Aim of the exercise >> I need the entries printed again word for word, without the images.

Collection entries
------------------------------------------------------------------------
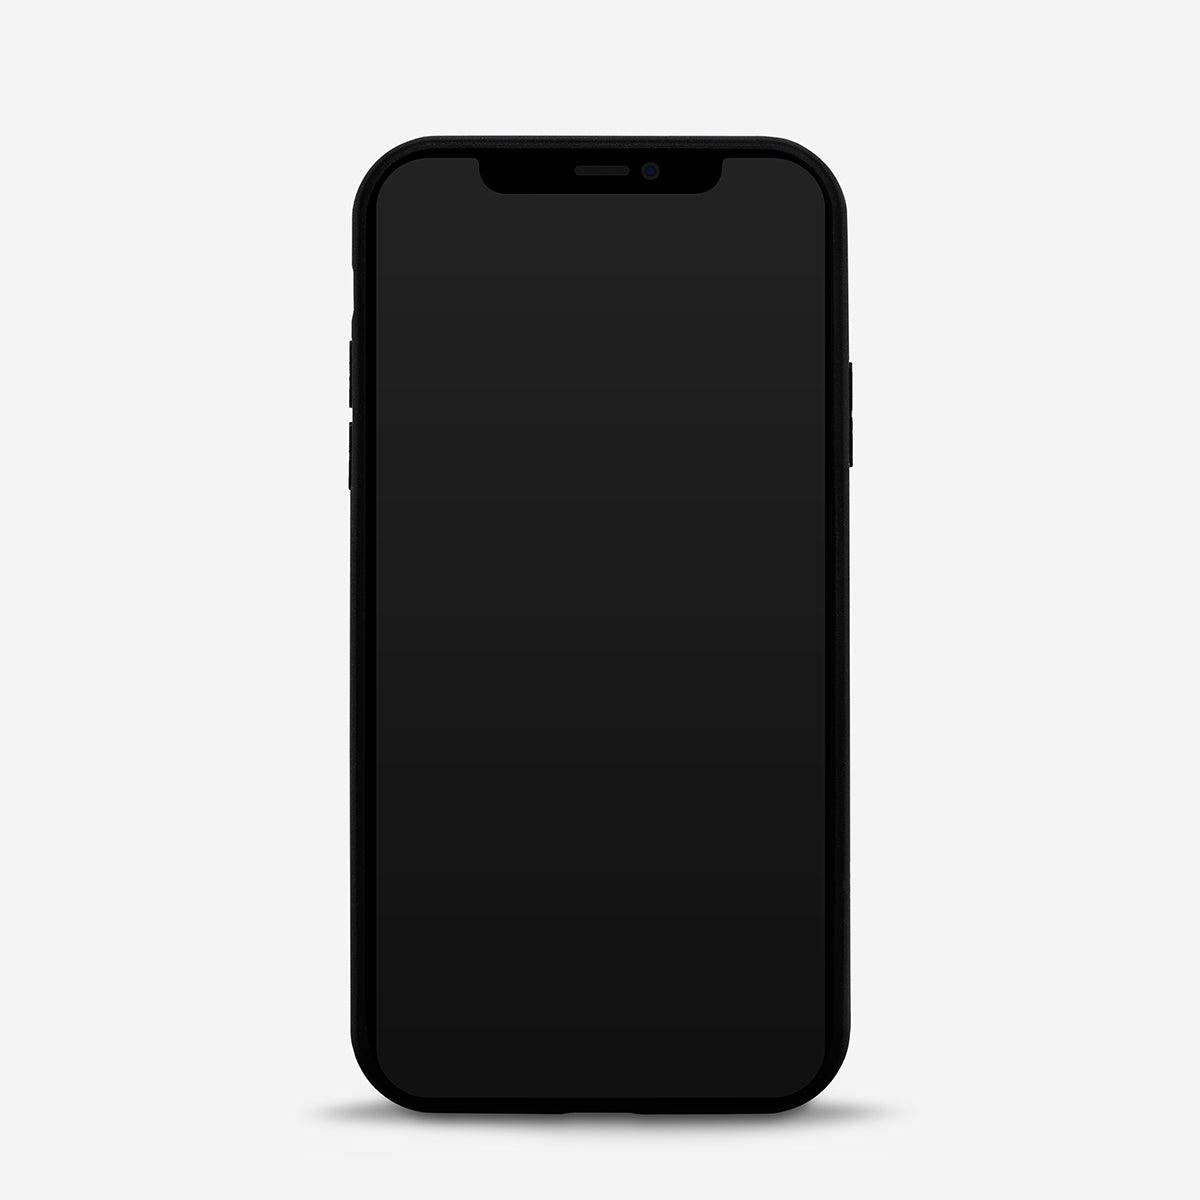 Status Anxiety Who's Who Leather iPhone Cases Black
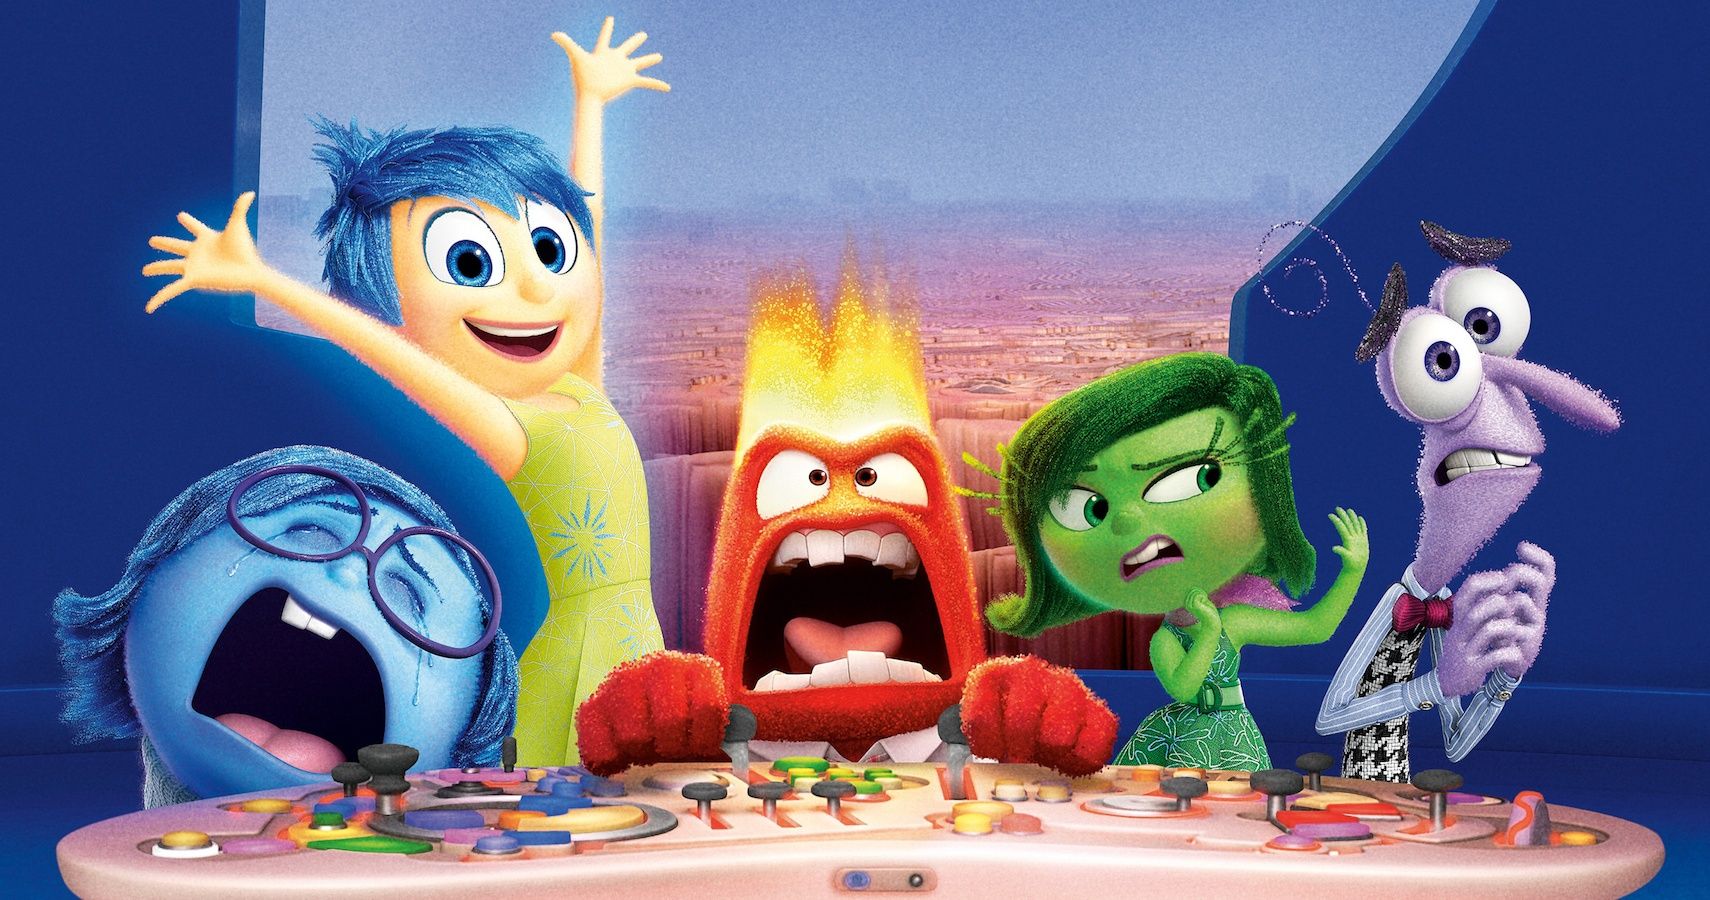 Pixar's Inside Out: 5 Of The Funniest Moments (& 5 Of The Saddest)
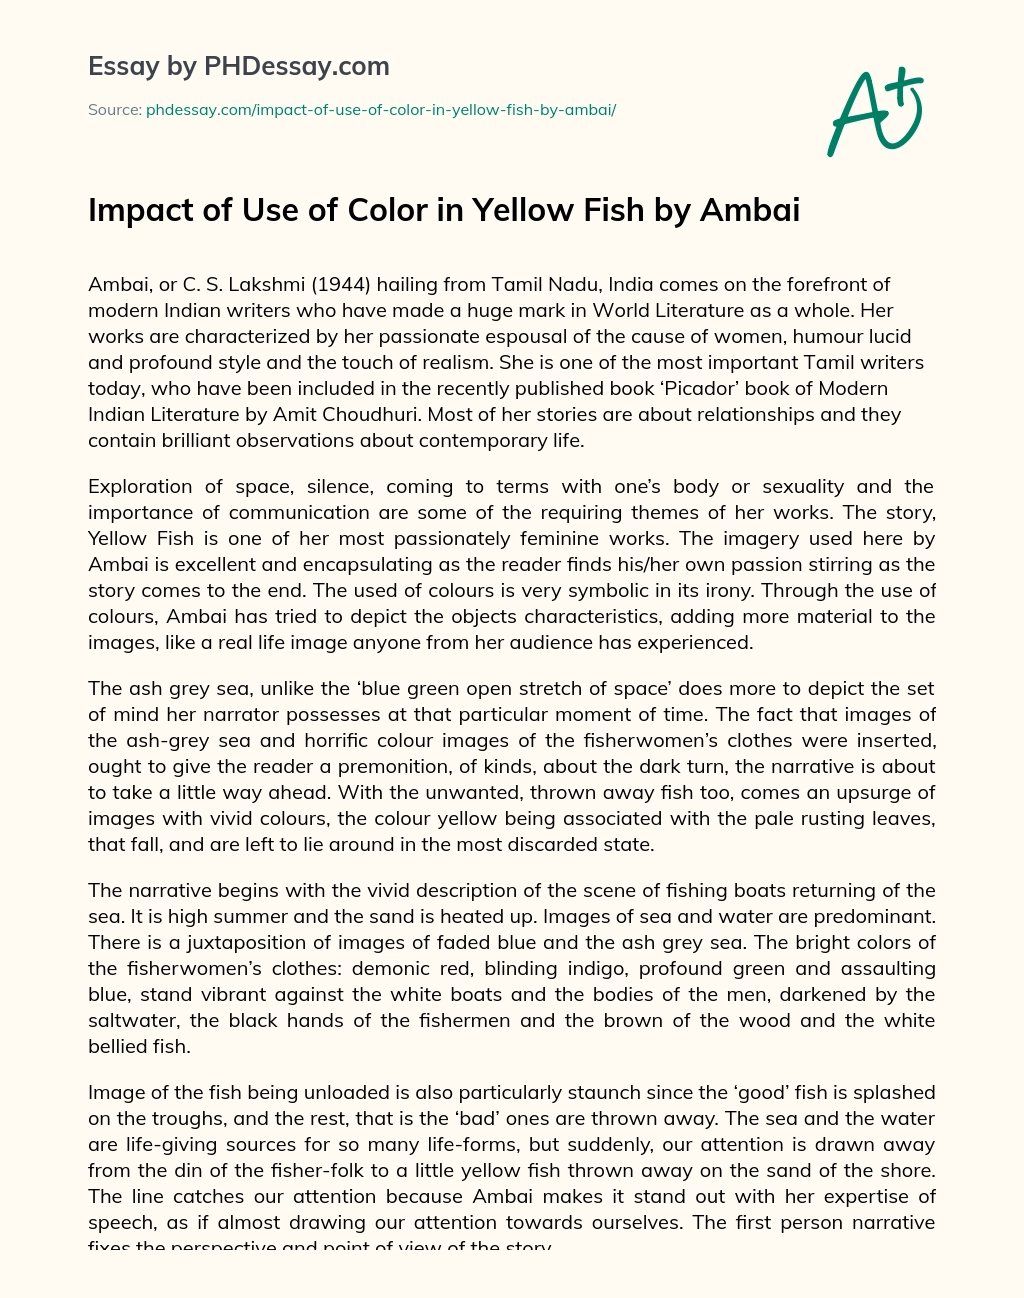 Impact of Use of Color in Yellow Fish by Ambai essay
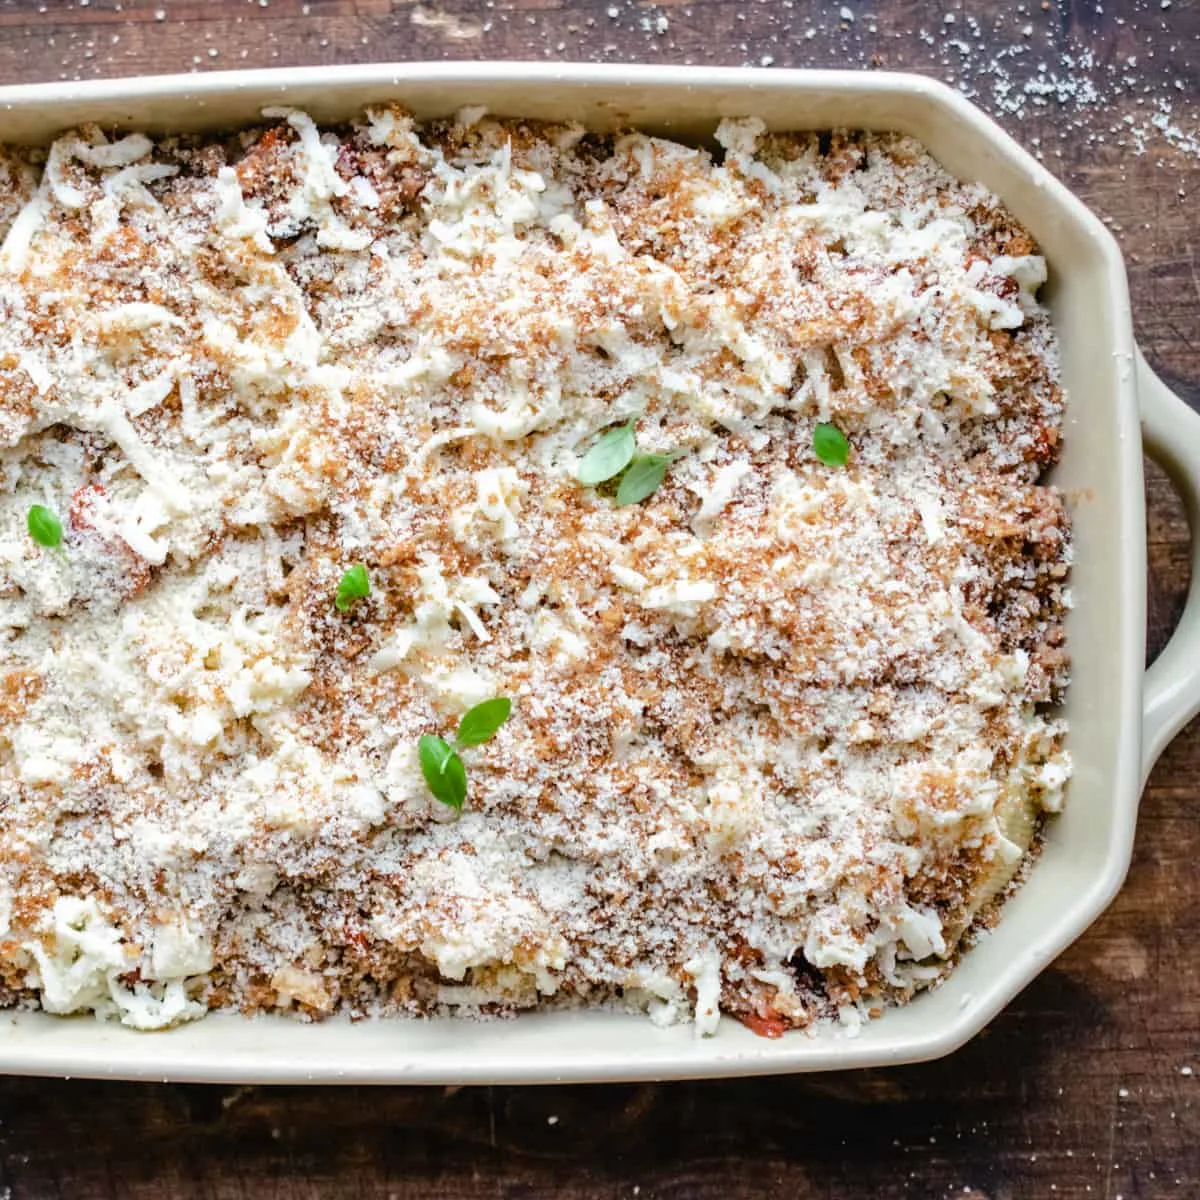 Stuffed pasta shells with mozzarella, bread crumbs and basil leaves on top.
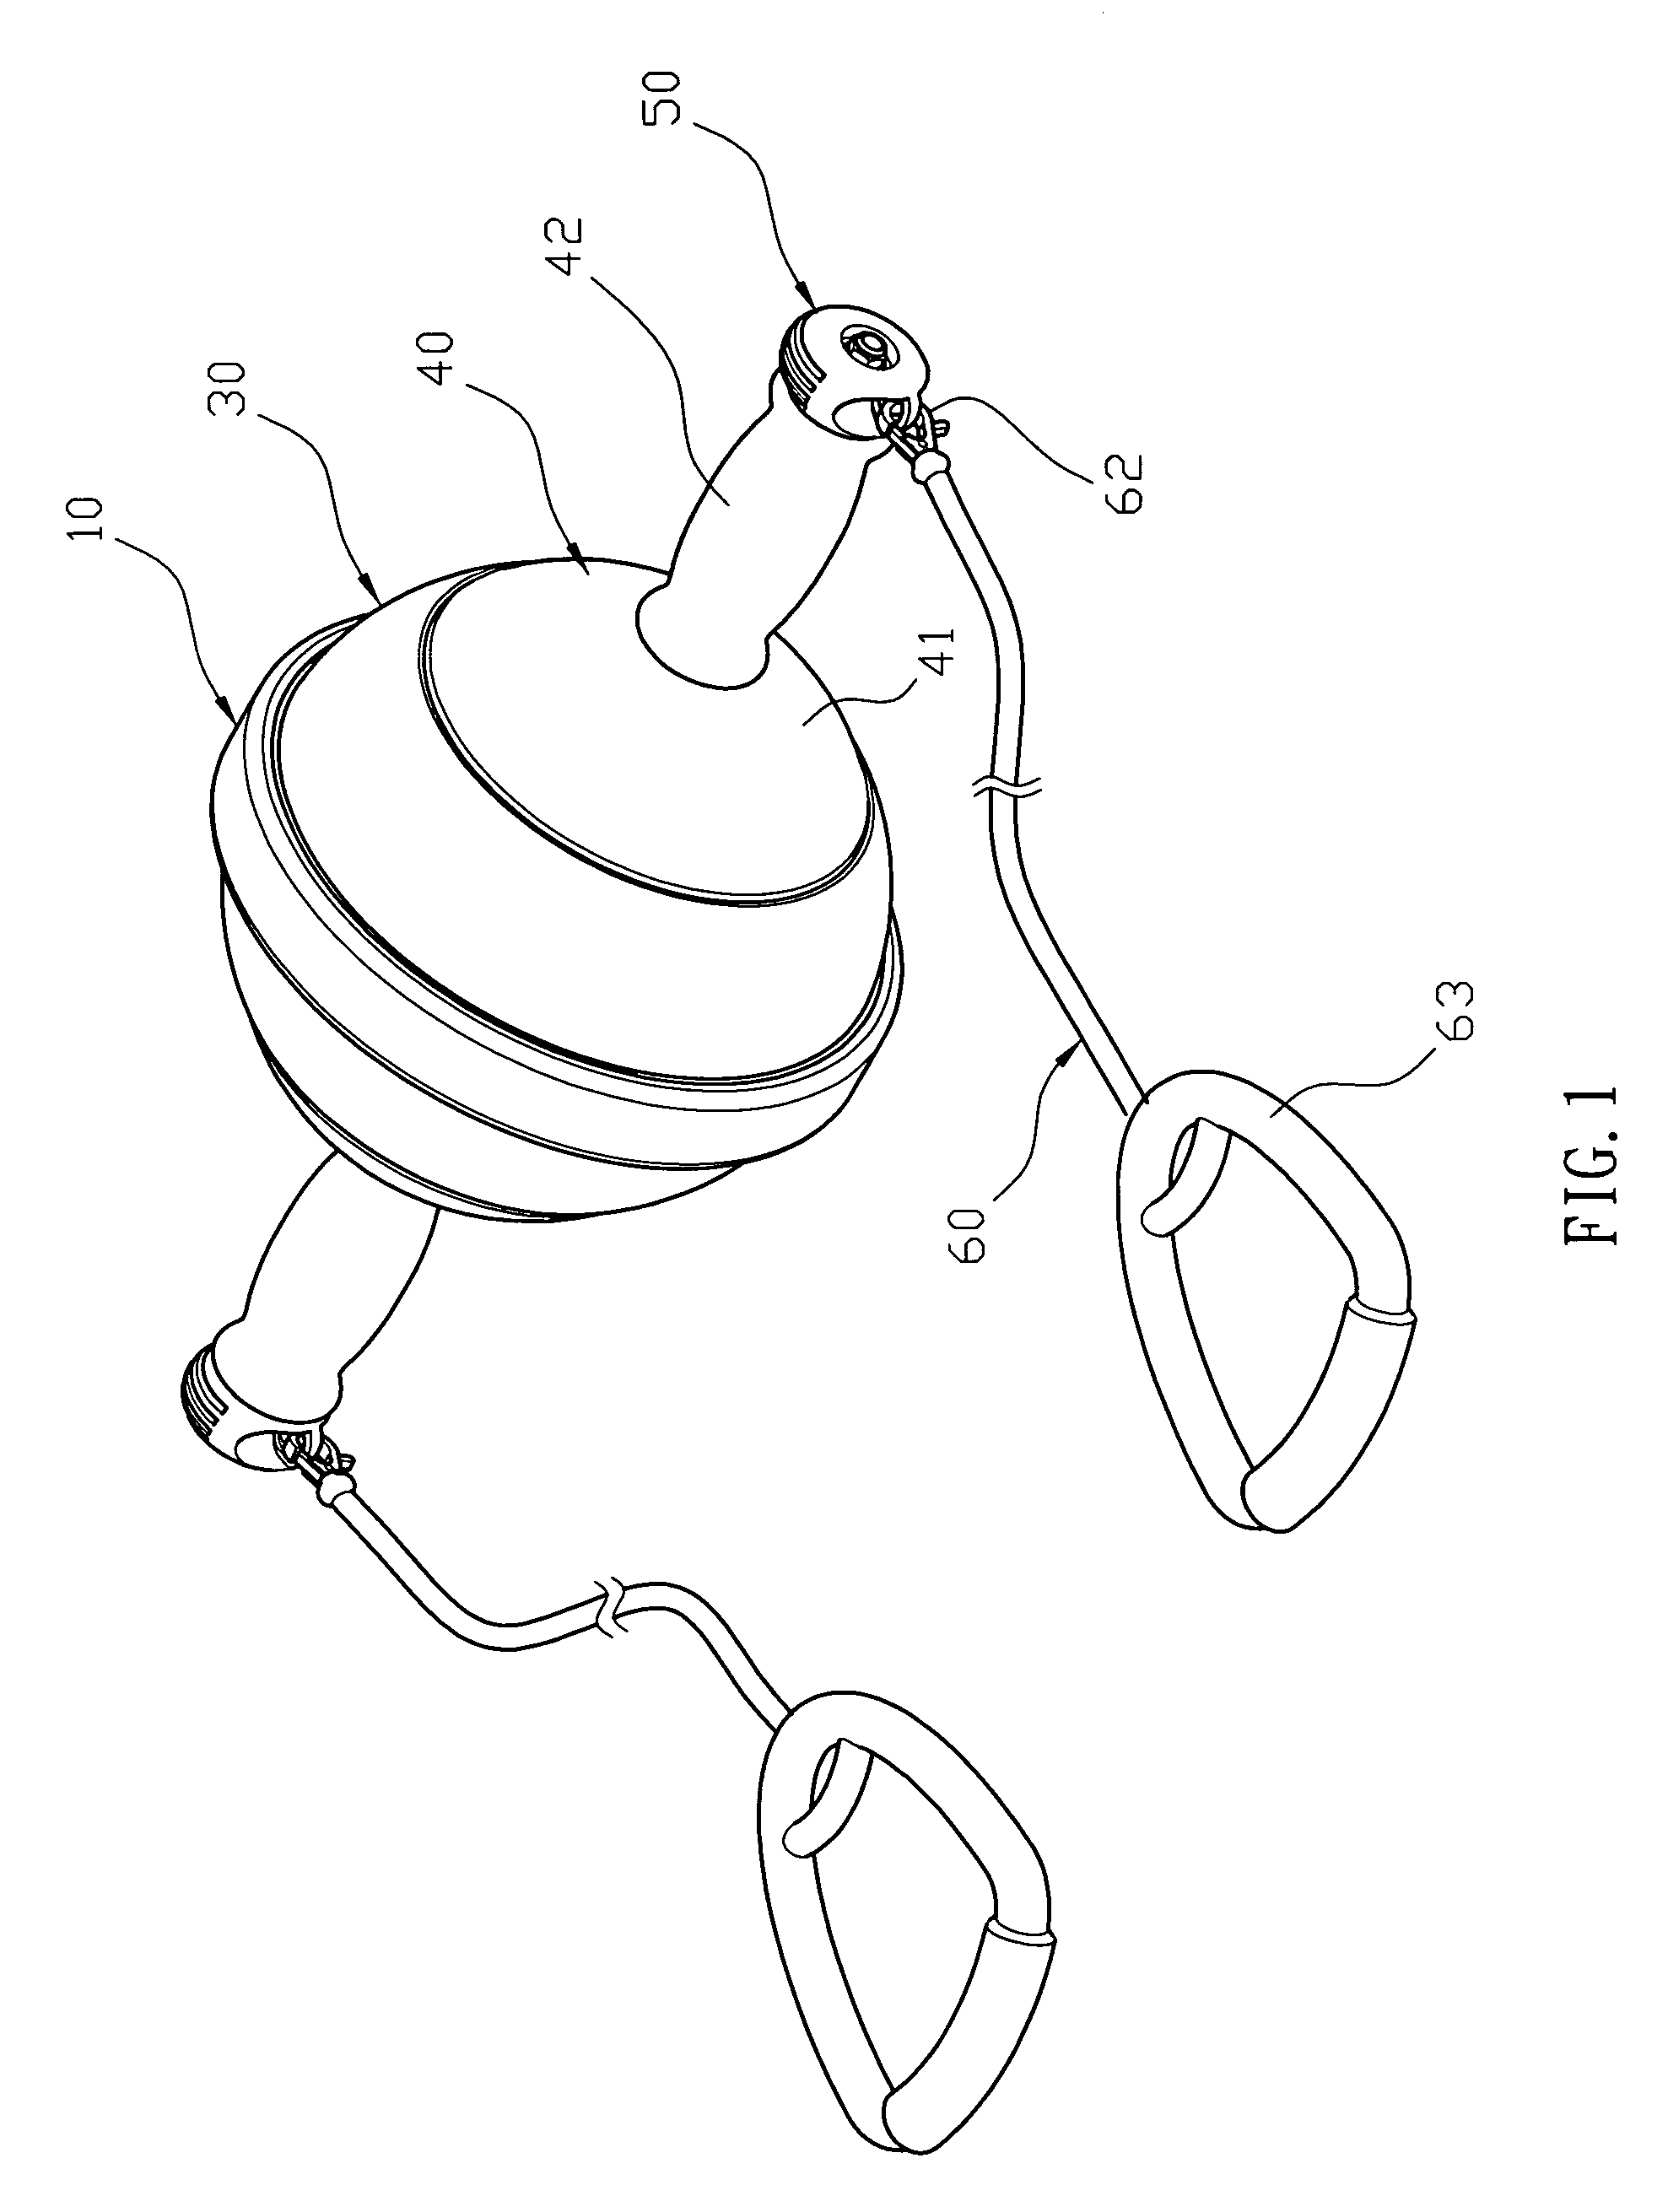 Exercising device having multiple functions
------------------------------------------------------------------------
Written answer >>
 Status Anxiety Who's Who Leather iPhone Cases Black
 Pixar's Inside Out: 5 Of The Funniest Moments (& 5 Of The Saddest)
 Impact of Use of Color in Yellow Fish by Ambai essay
 Stuffed pasta shells with mozzarella, bread crumbs and basil leaves on top.
 Exercising device having multiple functions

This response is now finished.